The first applicant is Mr Mark Morris Farber.  Mr Farber is an
unrehabilitated insolvent who was finally sequestered
on 14 January
2025.  Mr Farber was previously a director of the second
applicant and he currently describes himself as being
the second
applicant’s general manager.
2.
The second respondent is a property management company and manages
the collection of rentals, management of staff, building
maintenance
and resident relations of Malvin Court.
3.
The first and second respondents are the trustees of Mr Farber’s
insolvent estate.  The Master is joined as
the third respondent
in this matter. 10 Fife Avenue Berea (Pty) Limited is joined as the
fourth respondent and D&T Trust (Pty)
Limited Liquidators &
Trustees are joined as the fifth respondent.
4.
The applicants, in broad terms, seek the removal of the first
respondent as the provisional trustee of Mr Farber’s
estate, a
mandament van spolie combined with an interdict and certain further
relief in terms of the
Protection of Personal Information Act 4 of
2013
.
5.
The first issue that needs to be decided is whether the second
applicant is properly before the court.  The respondents
submit
that the second applicant is not properly before the court and that
Mr Farber has no standing to bring the application on
its behalf.
6.
Before the sequestration of Mr Farber’s estate on the 15
th
of January 2025, he was the sole director of the second applicant.

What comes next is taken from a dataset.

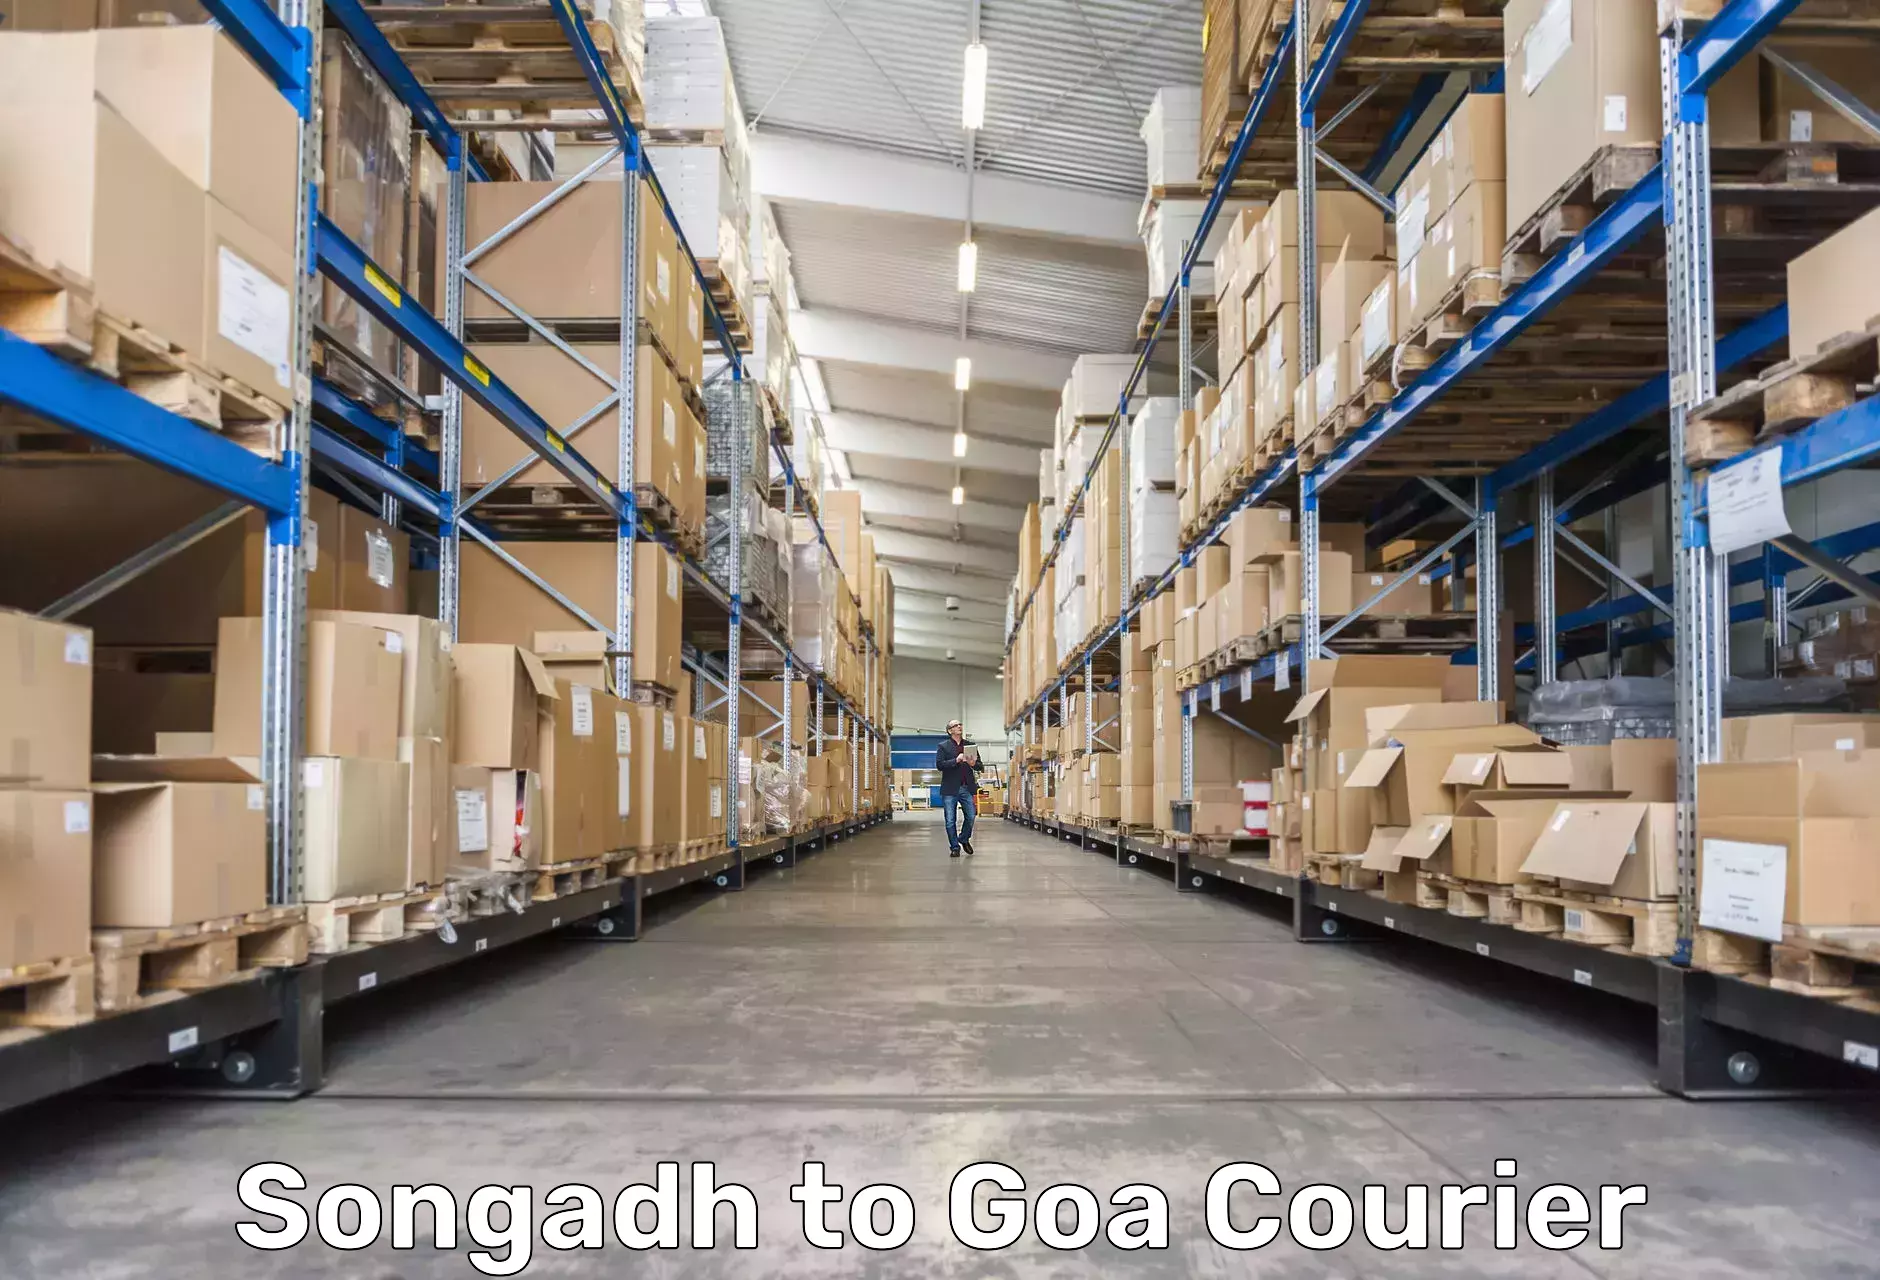 On-call courier service Songadh to Goa

Mr Farber’s spouse was the sole shareholder. As
a fact, the
first respondent is now the director of the second respondent and the
records of the Companies & Intellectual Property
Commission
(CIPC) reflect this.
7.
Mr Farber complains that within hours after the final sequestration
order was granted against him on 15 January 2025, the
first
respondent lodged a COR39, notice of change of directors’ form,
with the CIPC removing him as a director of the fourth
respondent.
Thereafter, the first respondent, in his capacity as trustee of Mr
Farber’s insolvent estate, appointed
himself as director of the
second respondent.  Mr Farber alleges that this is without any
authorisation either from the shareholders
of second applicant or the
court.
8.
In terms of section 69(8) of the Companies Act, 71 0f 2008 (“the
Companies Act”) a person is disqualified to
be a director of a
company if that person is an unrehabilitated insolvent.
9.
Upon Mr Farber’s insolvency, and upon the appointment of the
first respondent, all the property of Mr Farber’s
wife as if it
were the property of Mr Farber’s sequestrated estate, vests in
the trustees of the insolvent estate in accordance
with
section 21
of
the
Insolvency Act 24 of 1936
.
10.
As stated above, Mr Farber’s wife held all the shareholding in
the second applicant.  Accordingly, the shareholding
in the
second applicant vested in the first respondent by operation of law
when Mr Farber was sequestrated.  Mrs Farber accordingly
cannot
have any voting rights and cannot vote on the appointment of a
director.
11.
Mrs Farber purported to pass a resolution to remove the first
respondent as a director of HCI.  Mrs Farber, not being
a
shareholder, is not in a position to pass any resolutions and the
proposed resolution is in fact a nullity.
12.
Mr Farber does not have the authority to have launched this
application on behalf of the second applicant.  The application,

as far as the second applicant is concerned, is not authorised and
the second applicant is accordingly not before court.
I will
approach the matter on that basis and will now deal with the case
made out by Mr Farber.
REMOVAL
OF THE FIRST RESPONDENT AS A TRUSTEE OF MR FARBER’S INSOLVENT
ESTATE
13.
For purposes of this application and as far as it is necessary, I
grant Mr Farber leave to bring this application for
the removal of
the first respondent.  I also accept that he has
locus standi
to do so.
14.
Mr Farber makes allegations of unlawful and improper conduct on the
side of the first respondent.  He alleges that
the first
respondent’s conduct has been unlawful and continues to be so.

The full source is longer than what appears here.